Сыграть поэта доверили Сергею Никитину — актеру гибкого ума и тонкого эмоционального склада, с головой погружающемуся во внутренний мир персонажей и способному с точностью воссоздать на сцене их психологический портрет. Более чем за десяток лет работы в театре он прошел огонь и воду, «штурмуя» образы мировой классики подобно горным вершинам. Базаров («Отцы и дети»), Эдмунд («Король Лир»), Онегин («Евгений Онегин»)… Попадались и реальные исторические личности. Например, Никита Бичурин в пьесе чувашского драматурга Николая Сидорова. Однако там ему предстояло вжиться в роль ученого, теоретика, то есть человека редкой прагматичности, уравновешенности и самоконтроля, хоть и не лишенного склонности к романтизации действительности. Здесь же — творец, слагатель стихов, служитель муз. Пусть революционер, бунтарь и трибун, но все-таки художник, донкихот, мечтатель. А потому и краски на палитре другие.

Сцена буквально кровоточит алым светом, заливающим и зал, и силуэты актеров, и декорацию, напоминающую панно из кусков обожженной бумаги. По замыслу художников Марии Шуплецовой и Михаила Добрышина, это и воспаленность сознания Сеспеля, и пламенность его натуры, и открытые незаживающие раны, зияющие на теле чувашской нации. «Весь мир в огне, сияньем приходит новая заря!» — восклицает герой, и эти слова, произнесенные запальчиво и дерзновенно, мы воспринимаем как пророчество. Выразительный внешний рисунок, «вылепленный» режиссером по пластике Рамизой Мухаметшиной и цепляющий глаз резкостью ломаных линий, добавляет эффекта внезапности, мятежности, необузданности.

Когда же вдоль задника выставляют каркасы стульев без спинок, возникает ощущение, будто перед нами узники концлагерей, оголодавшие, истощенные, приговоренные к расстрелу. Или солдаты, выстроившиеся в шеренгу и готовые в любой момент отразить удар. А быть может, это вагоны санитарного поезда, где Сеспель работал добровольцем и помогал вывозить раненых в тыл?
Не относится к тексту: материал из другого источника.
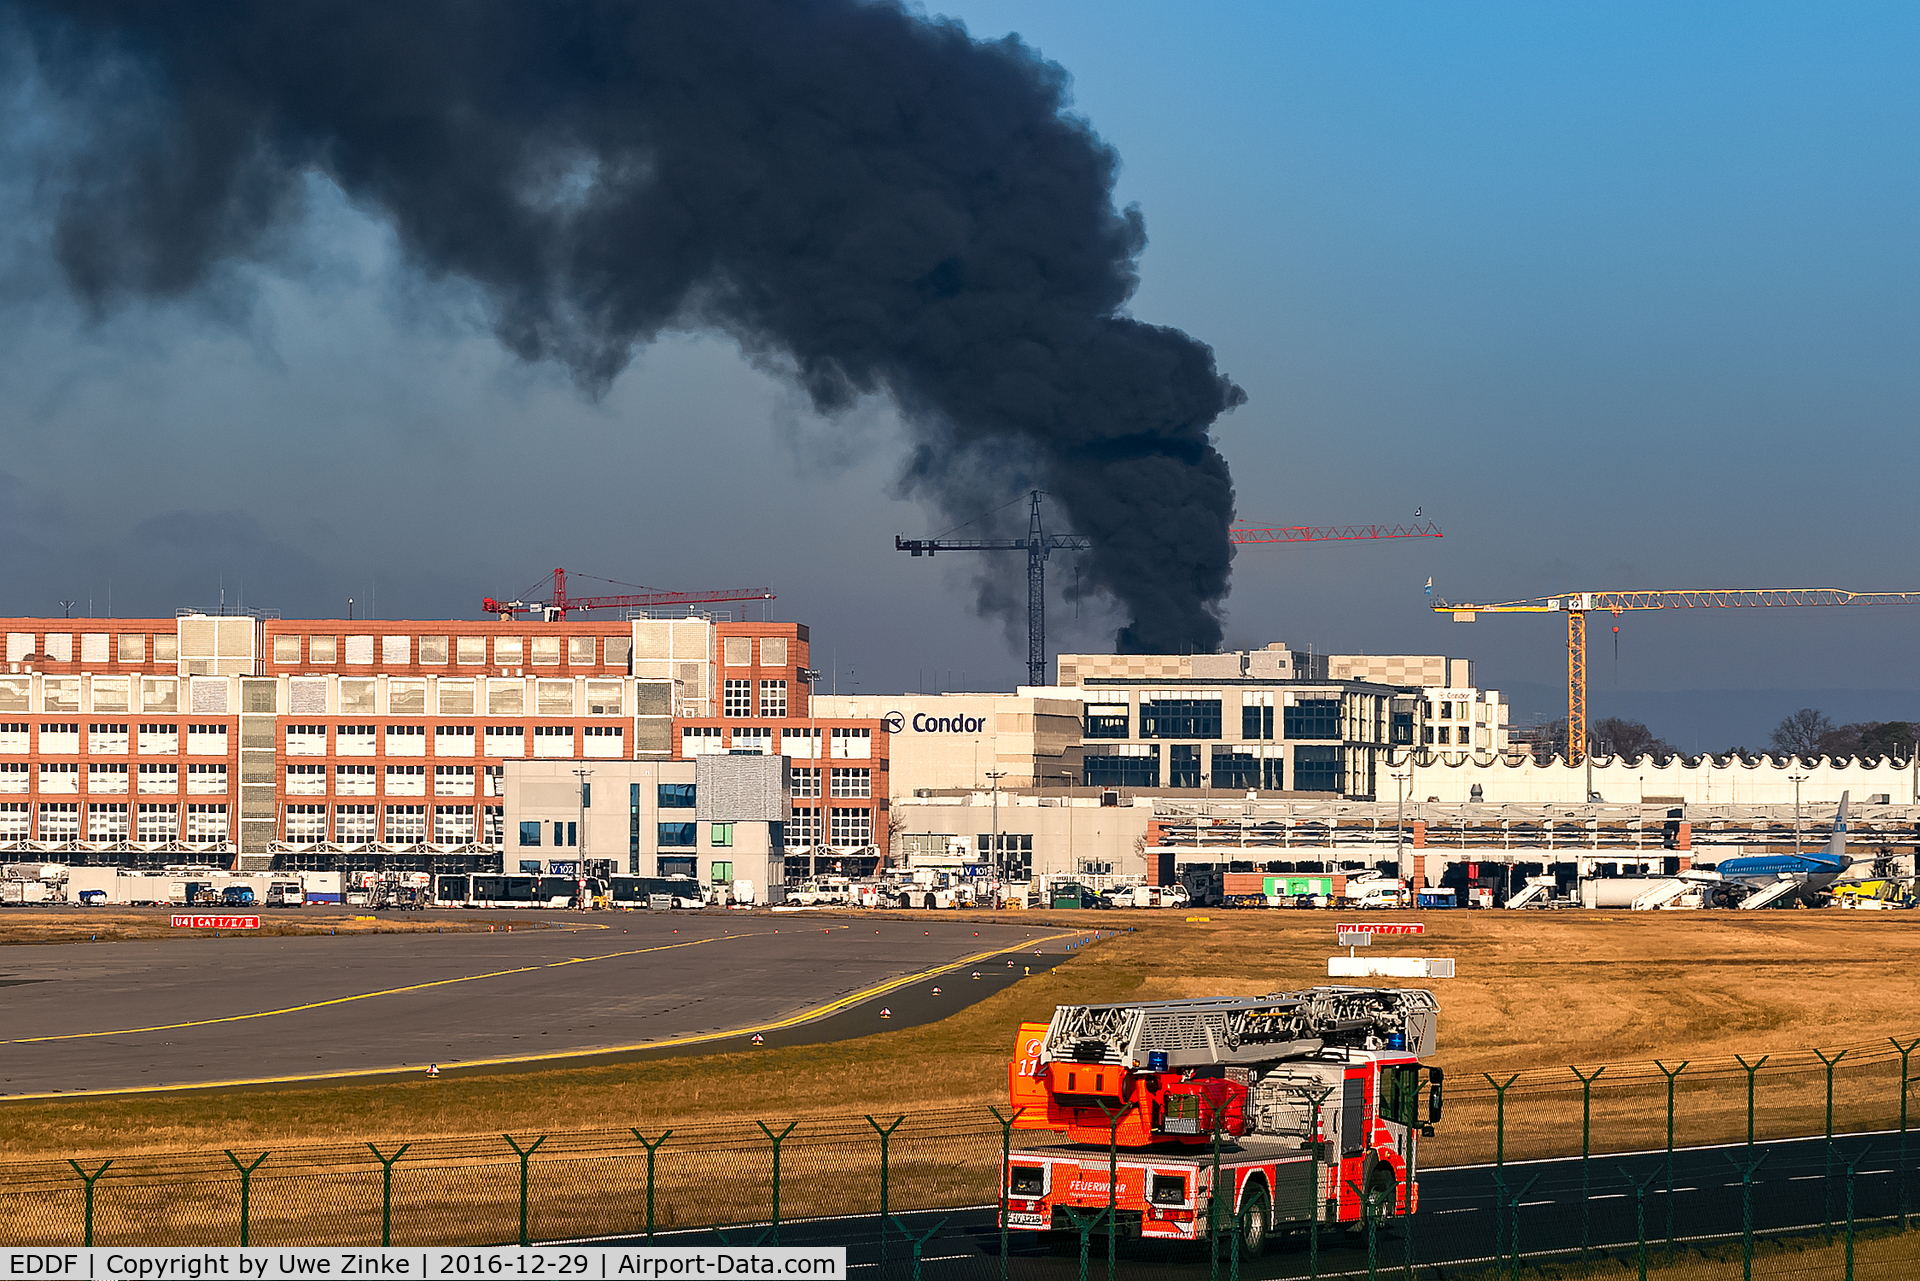 Frankfurt International Airport, Frankfurt am Main Germany (EDDF) - A Condor cabin simulator was burning down. Nobody was injured!!!

Потому даже знаменитая тема из бетховенской «Лунной сонаты», заимствованная из европейской музыкальной культуры и несколько выбивающаяся из общей стилевой канвы, ничуть не режет ухо, разражаясь невыплаканной тоской и вечной скорбью. Словно фатальное откровение, вершина Голгофы, концентрация страдания в миг отпевания души.

Впрочем, стоит признать, что для центрального монолога о родном языке и будущем чувашей, вспыхивающего кульминацией сценического повествования, больше подходит национальная мелодия. Народная либо авторская, «облаченная» в красочный наряд пентатоники и передающая неповторимый колорит нашей песенной традиции, ее аутентичность, самобытность и особый дух. Тем более что композитор Андрей Галкин в этом мастер, за свою творческую жизнь он написал их сотни, начиная с музыки к драматическим и кукольным постановкам и заканчивая целыми балетами. Финал спектакля, звучащий гимном чувашскому народу, — яркий тому пример.

КСТАТИ

В фойе театра открылась экспозиция «Вутлӑ чунлӑ поэт» (Поэт с душою огнекрылой), представляющая полотна живописца-этнофутуриста Георгия Фомирякова из фондов Чувашского национального музея. Среди них картины «Ҫӗн чӗреллӗ ҫӗн ӗмӗр чӑвашӗ…» (Новой эры чуваш…) и «Ҫӗнӗ кун аки» (Пашня нового дня), «Ирӗклӗ Ҫеҫпӗл» (Сеспель свободный) и «Юлашки юн тумламӗсем» (Последние капли крови). Также есть изображения матери и отчего дома, черных ворон, кружащих подобно предвестникам смерти и сливающихся в одну мрачную тучу, и человеческих рук, сложенных в виде голубей. А это, как известно, символ чистоты, кротости и любви. «Не хотелось создавать все в едином стиле, — говорит художник. — Поэтическая энергия всегда остается созидающей». И действительно, в вошедших в выставку работах слышны отголоски и кубизма, и супрематизма, и иконографии, и поп-арта. «Я почти влюбилась в Сеспеля», — признается заведующая музеем Михаила Сеспеля, экскурсовод Антонина Андреева, рассказавшая зрителям о ключевых моментах биографии поэта.

Опубликовано: 13:43 12 Март 2024 г.


Читайте также:

Добавить комментарий

Ваш e-mail не будет опубликован.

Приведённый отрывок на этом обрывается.